Para enfrentar estos problemas, desde los años 1970, se han puesto en práctica diferentes políticas económicas, unas veces de tipo “keynesiano” y otras “neo-liberales”, pero como ninguna de ellas podía atacar las verdaderas causas de la crisis, tampoco han servido para superarla. Sí es, en cambio, muy significativo el empeño que ha puesto la burguesía para seguir proporcionándole el aire que le falta a la economía y frenar así, mediante un gigantesco endeudamiento, su tendencia a la quiebra. En este aspecto, y durante los años 90, fue la economía norteamericana la que marcó la pauta a seguir, y hoy cuando el “crecimiento” artificial de ésta empieza a desfallecer, le toca a la burguesía china convertirse en el nuevo “el Dorado”. Es verdad que en comparación con la ineptitud de la URSS y de los estados estalinistas de la Europa del Este para adaptarse políticamente a la necesidad de “reformas económicas”, la burocracia china (mascarón de proa del actual “boom”) sí ha conseguido asombrosamente la hazaña de mantenerse con vida. Algunas de las críticas que se hacen a la noción de decadencia del capitalismo presentan precisamente esto como la demostración de que el sistema capitalista tiene aún capacidad de desarrollarse y de lograr un crecimiento real.
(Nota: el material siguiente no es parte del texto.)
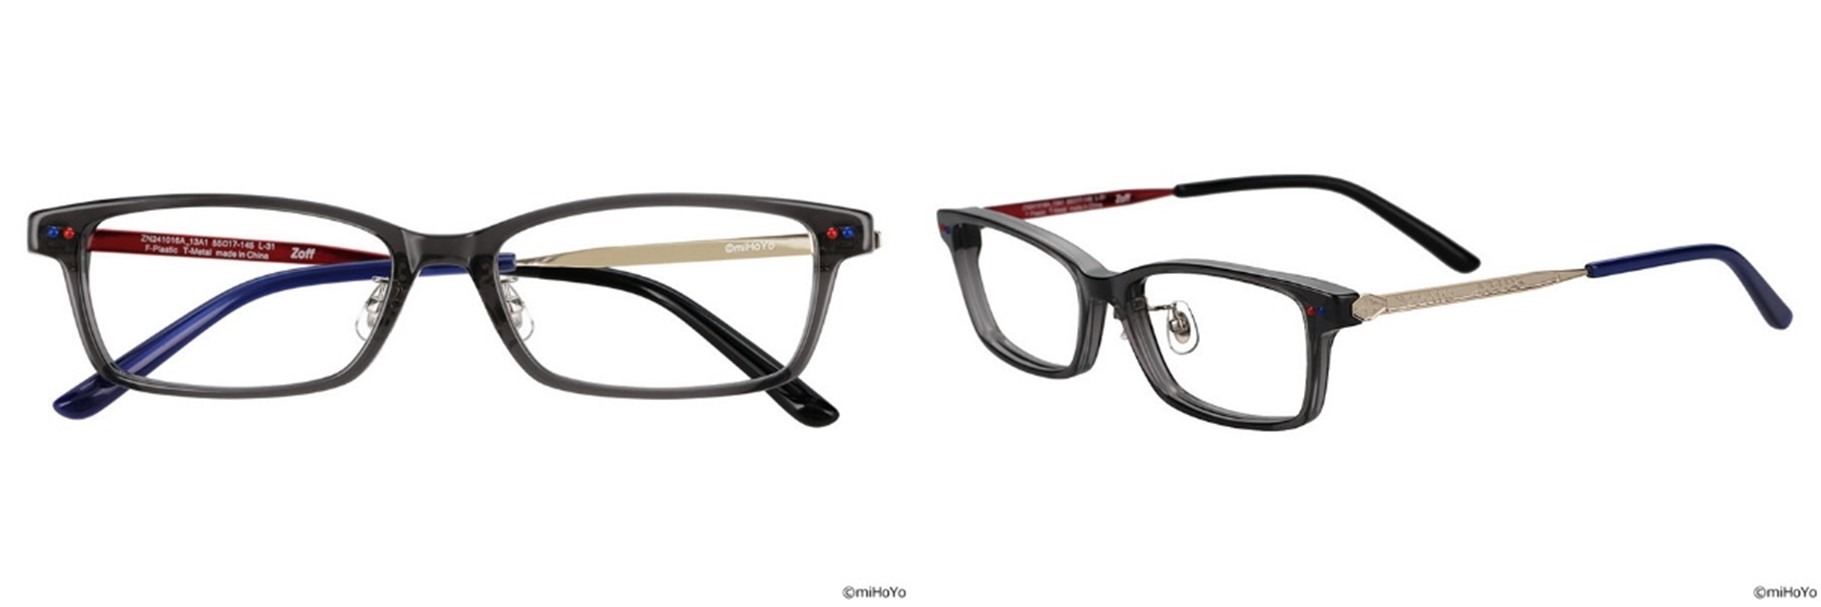 《崩坏：星穹铁道》xZoff联名眼镜今日开放预购公开四种联名眼镜款式

La verdad es que el actual “boom” chino no pone en entredicho el declive general de la economía capitalista mundial, puesto que a diferencia de lo que sucedía en el período ascendente del capitalismo:

– el actual crecimiento industrial de China no forma parte de un proceso global de expansión. Todo lo contrario ya que tiene como corolario directo la desindustrialización y el estancamiento de las economías más avanzadas, que deslocalizan hacia China en busca de menores costes laborales;

– el proletariado chino no tiene ante sí la perspectiva de una mejora significativa de sus condiciones de vida, sino que es previsible que sufra cada vez más ataques contra sus condiciones de vida y trabajo, y una acrecentada pauperización de enormes masas de trabajadores y campesinos fuera de las principales zonas de crecimiento;

– ese crecimiento frenético no contribuirá a una expansión global del mercado internacional, sino a profundizar la crisis mundial de sobreproducción pues dado que la capacidad de consumo de las masas chinas es sumamente restringida, la mayor parte de los producido allí se dirige hacia la exportación a los países capitalistas más desarrollados;

– la irracionalidad fundamental del “despegue” chino aparece en toda su magnitud cuando se ven los brutales niveles de contaminación que engendra, lo que evidencia claramente cómo la presión imperativa que sufre cada capital nacional para explotar a mansalva sus recursos naturales para poder ser competitivo en el mercado mundial conduce a una terrible degradación del medio ambiente planetario;

– a imagen y semejanza del sistema capitalista en su conjunto, la totalidad del crecimiento de China está basado en una montaña de deudas que jamás podrá compensar con una verdadera expansión en el mercado mundial.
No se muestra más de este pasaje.